Oggi la Corte Europea dei diritti umani pubblicherà la sentenza sul ricorso della statunitense Amanda Knox, la quale ha accusato l’Italia di aver violato il diritto europeo sull’equo processo e di aver subito maltrattamenti da parte della polizia durante l’interrogatorio quando era imputata insieme a Raffaele Sollecito per l’omicidio della sua coinquilina Meredith Kercher. Il 27 marzo 2015 la quinta sezione penale della Corte suprema di Cassazione annulò senza rinvio le condanne a Raffaele Sollecito e Amanda Knox, assolvendoli per non aver commesso il fatto, affermando la mancanza di prove certe e la presenza di numerosi errori nelle indagini, e ponendo così fine al caso giudiziario. Nel 2016 la CEDU ha ritenuto valido il dossier presentato dai legali della Knox ed ha comunicato il ricorso al governo italiano affinché possa difendersi. Ricordiamo che nel gennaio del medesimo anno, il tribunale di Firenze aveva assolto con formula piena la Knox dall’accusa di avere calunniato alcuni agenti della squadra mobile di Perugia che indagavano sull’omicidio di Meredith. In particolare la Knox era accusata di calunnia per avere sostenuto di essere stata “forzata” dagli investigatori a dire che era stata nella casa dell’omicidio insieme a Patrick Lumumba, che fu coinvolto nell’inchiesta proprio a causa delle frasi dell’americana e poi riconosciuto estraneo alla vicenda. Il procedimento avviato dalla procura di Perugia era stato poi trasmesso a Firenze in quanto tra le persone offese dal presunto reato ci sarebbe stato anche l’ex pm Giuliano Mignini, titolare dell’indagine. Il pm di Firenze aveva chiesto per la Knox una condanna a due anni e otto mesi di reclusione. La sentenza di assoluzione però parla chiaro.

Nelle motivazioni, il giudice ha scritto che la Knox fece il nome di Lumumba agli agenti perché «dando quel nome in pasto a coloro che la stavano interrogando così duramente, sperava di porre fine a quella pressione». Il giudice ha ritenuto che le parole della studentessa di Seattle abbiano rappresentato «la narrazione confusa di un sogno, sia pure macabro» e «non la descrizione di una vicenda davvero accaduta». Per il tribunale questo conferma lo stato in cui si trovava Amanda Knox in quel momento ed esclude che la sua finalità potesse essere di tacere il nome dell’effettivo autore del delitto.
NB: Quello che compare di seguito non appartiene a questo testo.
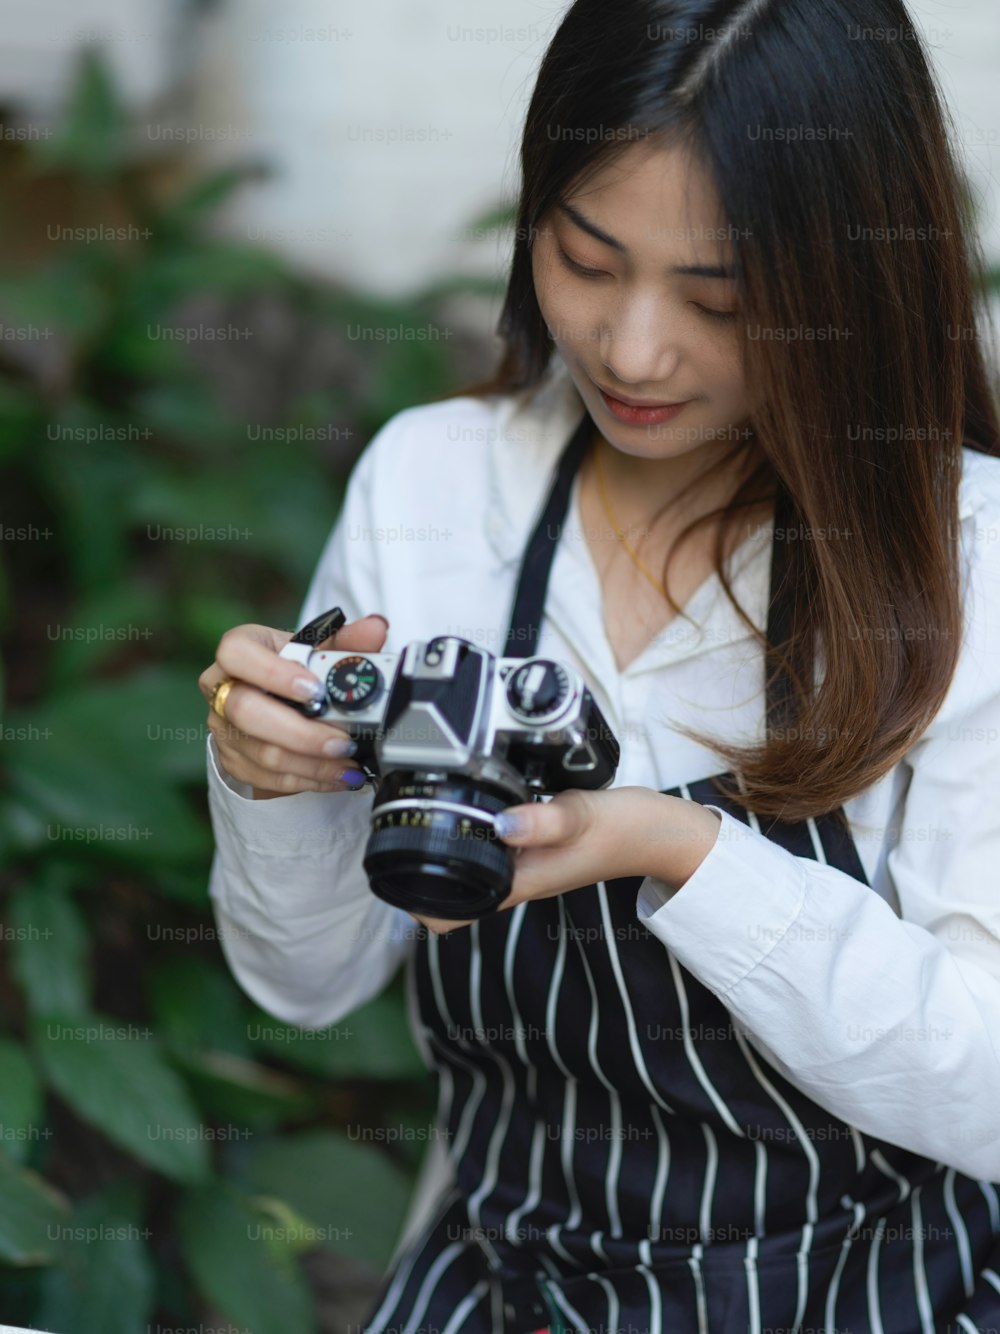 Ritratto di fotografa femminile con grembiule che controlla l'immagine sulla fotocamera digitale mentre scatta foto in caffè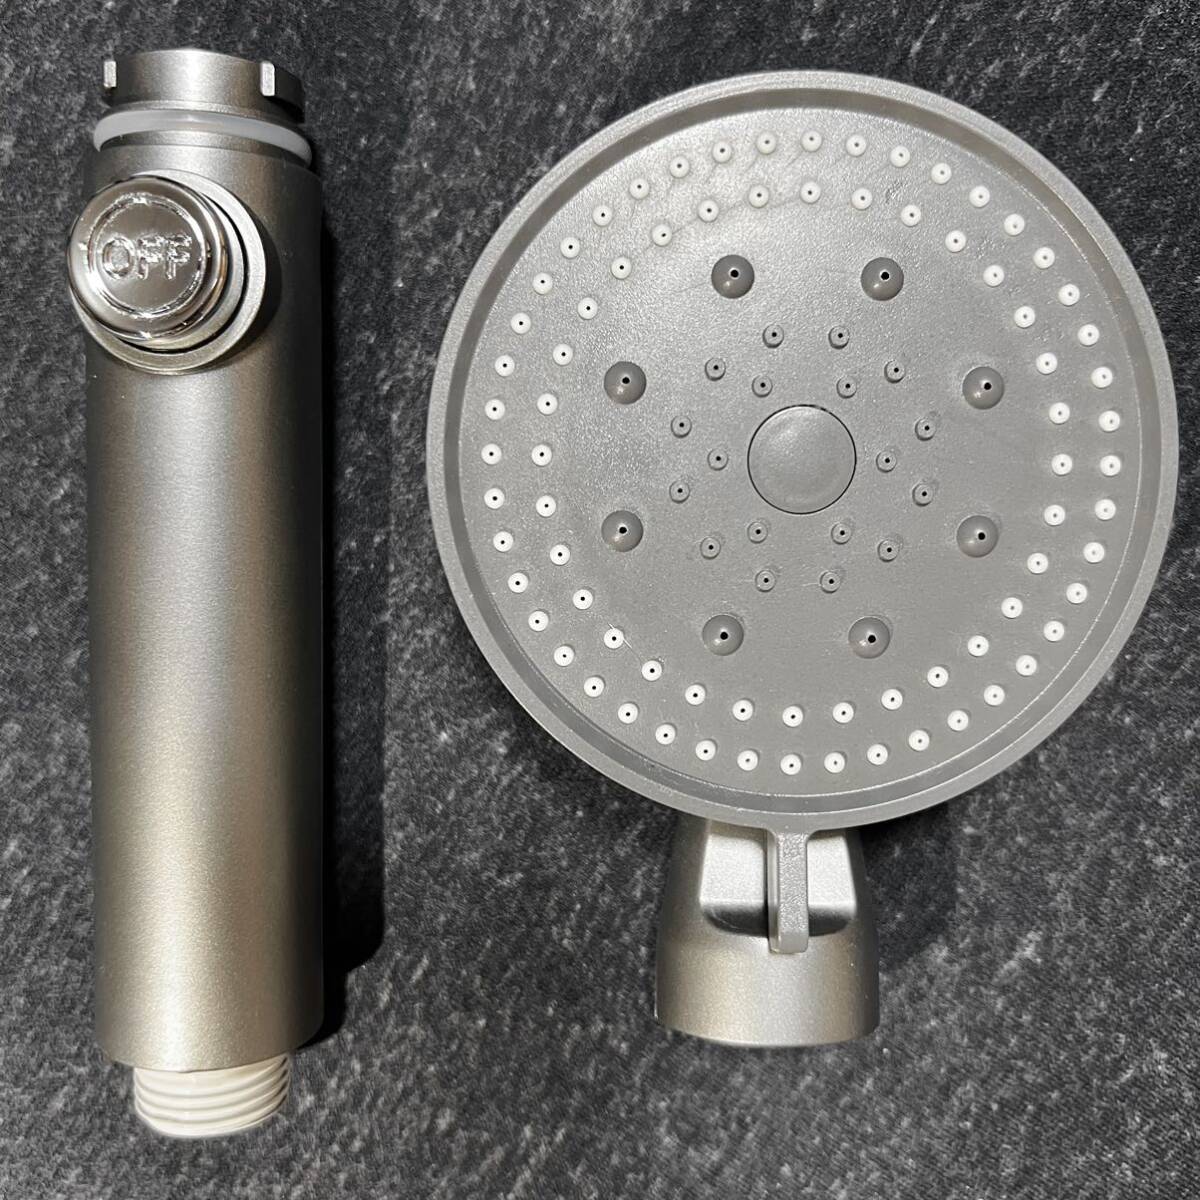 新品 シャワーヘッド 5段階調整 止水ボタン付き 高水圧 ミスト 霧状 漏れ防止シールテープ付き お風呂 バス 節水 高圧 増圧 保湿 美肌 掃除

Il giudice di Firenze ha anche parlato in tale ambito di indagini caratterizzate da «numerose irritualità procedurali» e dalla durata ossessiva degli interrogatori. Sempre secondo il tribunale, il contesto nel quale sono state rese le dichiarazioni della Knox «era chiaramente caratterizzato da una condizioni psicologica divenuta» per lei «davvero un peso insopportabile». È quindi «comprensibile – si legge nelle motivazioni – che cedendo alla pressione e alla stanchezza abbia sperato di mettere fine a quella situazione, dando a coloro che la stavano interrogando quello che in fondo volevano sentire dire: un nome, un assassino».

Cosa ha denunciato nel ricorso alla CEDU Amanda? Ha affermato che il suo diritto a un equo processo è stato violato perché «non è stata informata in tempi brevi in una lingua a lei comprensibile della natura e dei motivi dell’accusa formulata a suo carico». Inoltre ha affermato di non essere stata assistita da un legale durante gli interrogatori del 6 novembre 2007. Infine ha ribadito di non essere stata assistita da un interprete professionale e indipendente nel corso degli interrogatori e che l’agente di polizia che l’ha assistita durante gli interrogatori del 6 novembre 2007 ha fatto le funzioni di mediatore «suggerendo così delle ipotesi su come si erano svolti i fatti». Amanda Knox ha invocato inoltre la violazione dell&# 39; articolo 3 della Convenzione europea dei diritti umani affermando che «gli scappellotti» che avrebbe ricevuto alla testa hanno costituito un trattamento inumano e degradante. Oggi conosceremo il responso.